Failure at some point is almost guaranteed for you my friend.


----------



## conix67 (Jul 27, 2008)

darryl_v said:


> wow.....Im usually not like this but you are really showing your lack of knowledge to care for these fish.
> 
> Failure at some point is almost guaranteed for you my friend.


I'm sure half of what he says is a joke...


----------



## KG20 (Aug 13, 2011)

conix67 said:


> I'm sure half of what he says is a joke...


yes it is. would no one check any of my threads or anything?

i just wanted to see how many ppl would rip me to shreads.


----------



## darryl_v (Aug 26, 2011)

I'm not on here often......so I dont know anything

And that was me being easy on you ....and not anything close to the tang police but I do think 12g is too small for any tang.

Is it april 1st already?


----------



## KG20 (Aug 13, 2011)

i did have a blue hippo in there for a bit.
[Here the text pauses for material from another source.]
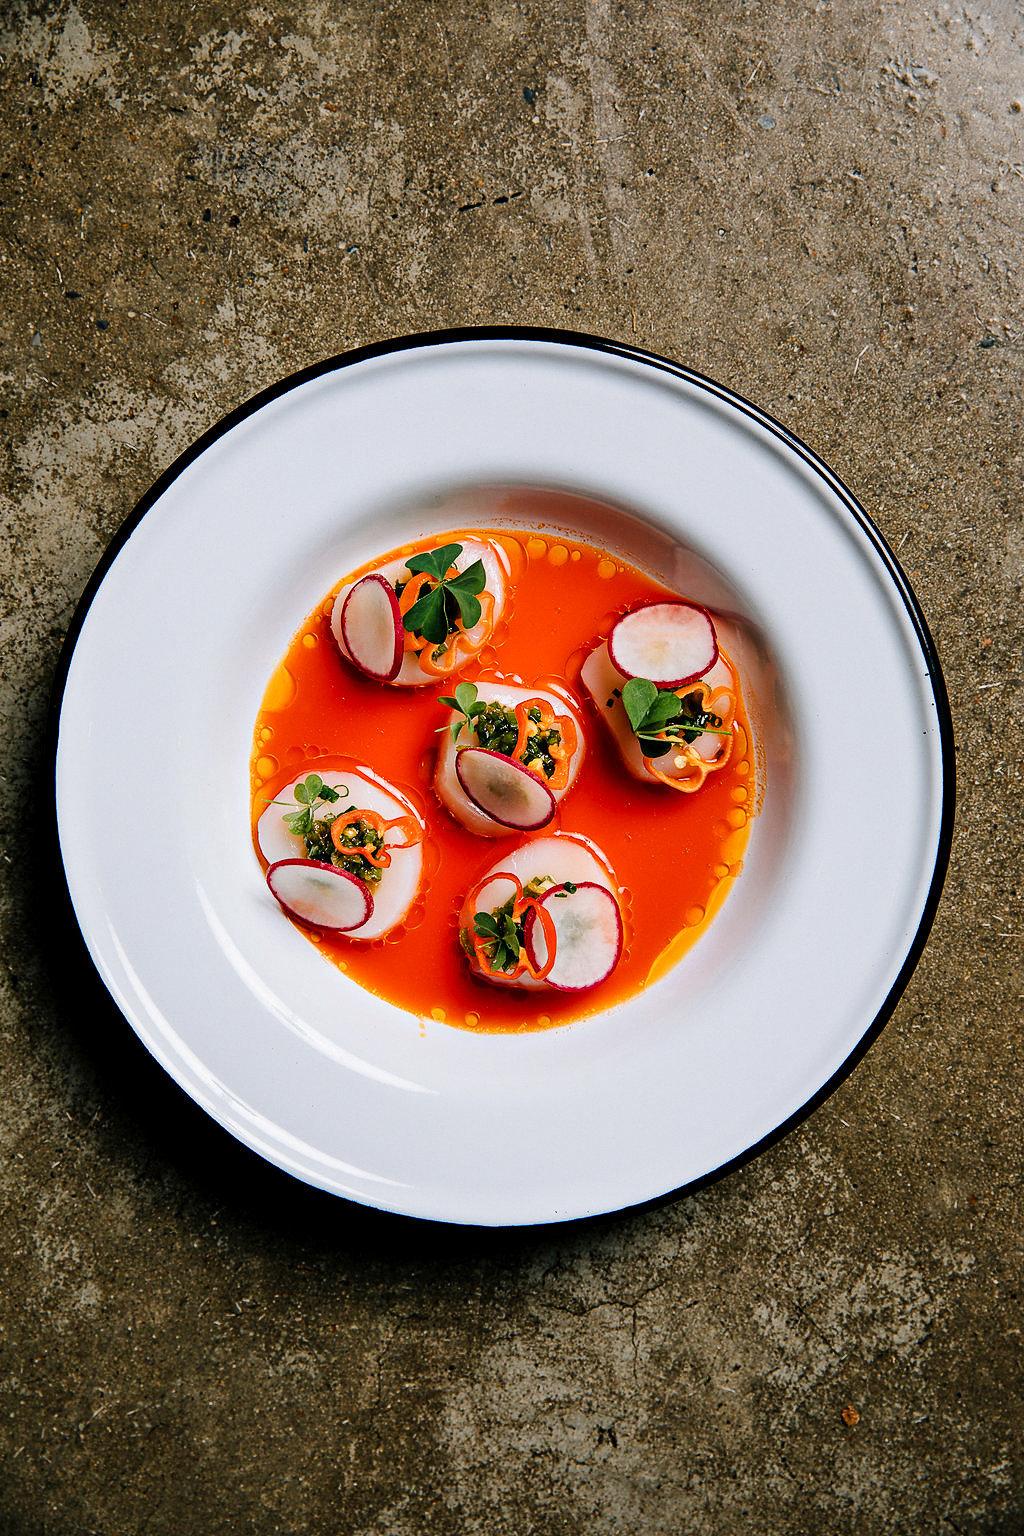 Food + Drink Trip Ideas plate food dish dishware tableware vegetable soup recipe platter cuisine meal

It was about 2 inches long including the tail. i rescued it from someone shutting down their tank but it died shortly after. It would have been moved to a larger tank. 

and that was u being easy? i wish i would have continued this but you not on here often and dont know anything.


----------



## conix67 (Jul 27, 2008)

KG20 said:


> i did have a blue hippo in there for a bit. It was about 2 inches long including the tail. i rescued it from someone shutting down their tank but it died shortly after. It would have been moved to a larger tank.
> 
> and that was u being easy? i wish i would have continued this but you not on here often and dont know anything.
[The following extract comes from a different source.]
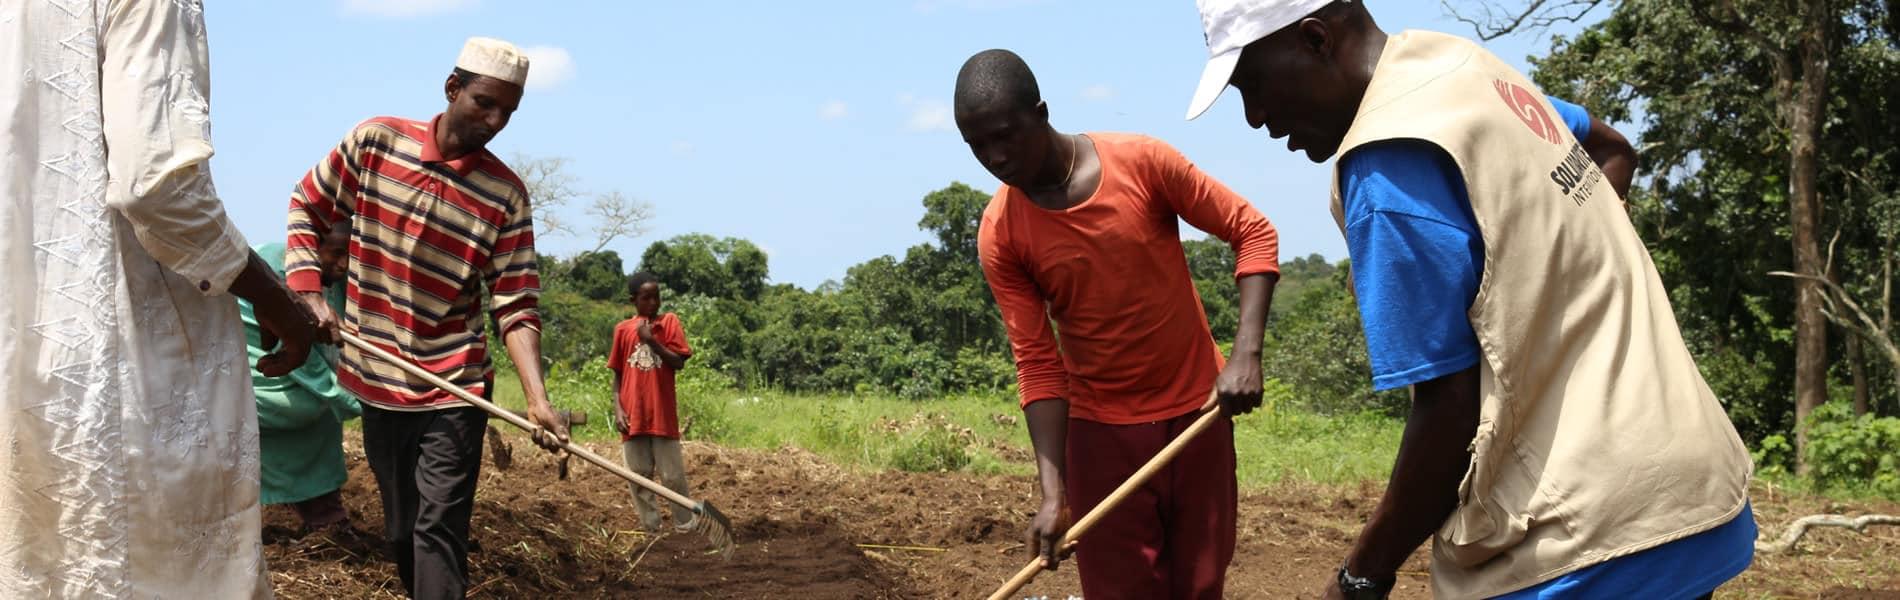 Sécurité alimentaire Cameroun

I don't think it's common on any forum to see people joking like this at all. I'm sure Darryl's just trying to be nice and help others and the fishes.

Is this your tank by any chance, Darryl?


----------



## darryl_v (Aug 26, 2011)

> and dont know anything


I might be in good company here


----------



## darryl_v (Aug 26, 2011)

> I don't think it's common on any forum to see people joking like this at all. I'm sure Darryl's just trying to be nice and help others and the fishes.
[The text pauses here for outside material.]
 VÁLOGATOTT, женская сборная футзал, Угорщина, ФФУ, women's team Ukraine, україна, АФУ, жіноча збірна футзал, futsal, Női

Well ya just trying to help like I always do.....Im not a crazy tang police guy. I think tangs can successfully be housed in tanks as small as 40g if the aquarist is knowledgeable....12g is too small though....he posted it to get someone to respond like I did and than makes fun of the response......well I guess you got what you wanted....what are you complaining about.



conix67 said:


> I don't think it's common on any forum to see people joking like this at all. I'm sure Darryl's just trying to be nice and help others and the fishes.
> 
> Is this your tank by any chance, Darryl?


Ya that is a picture of my frag tank from about a year ago.


----------



## KG20 (Aug 13, 2011)

wow im sorry i offended u conix. these forums can be brutal sometimes. just trying to have some friday fun. keep on smiling buddy. its a long weekend.


----------



## KG20 (Aug 13, 2011)

i love you guys so much


----------



## conix67 (Jul 27, 2008)

KG20 said:


> wow im sorry i offended u conix. these forums can be brutal sometimes. just trying to have some friday fun. keep on smiling buddy. its a long weekend.


No, I'm not offended at all but never thought this forum was remotely close to being brutal at any point. Not everyone reads all posts and as you can see even experienced reefer couldn't tell if you're telling joke or being serious. Think how that helps new reefers, and we all know in reefing not everything is crystal clear to begin with.


----------



## KG20 (Aug 13, 2011)

ya reefing can be tough out here in the streets. all i wanted to do is see if anyone cared at all.


----------



## darryl_v (Aug 26, 2011)

Fun is fine and Im not offended either.....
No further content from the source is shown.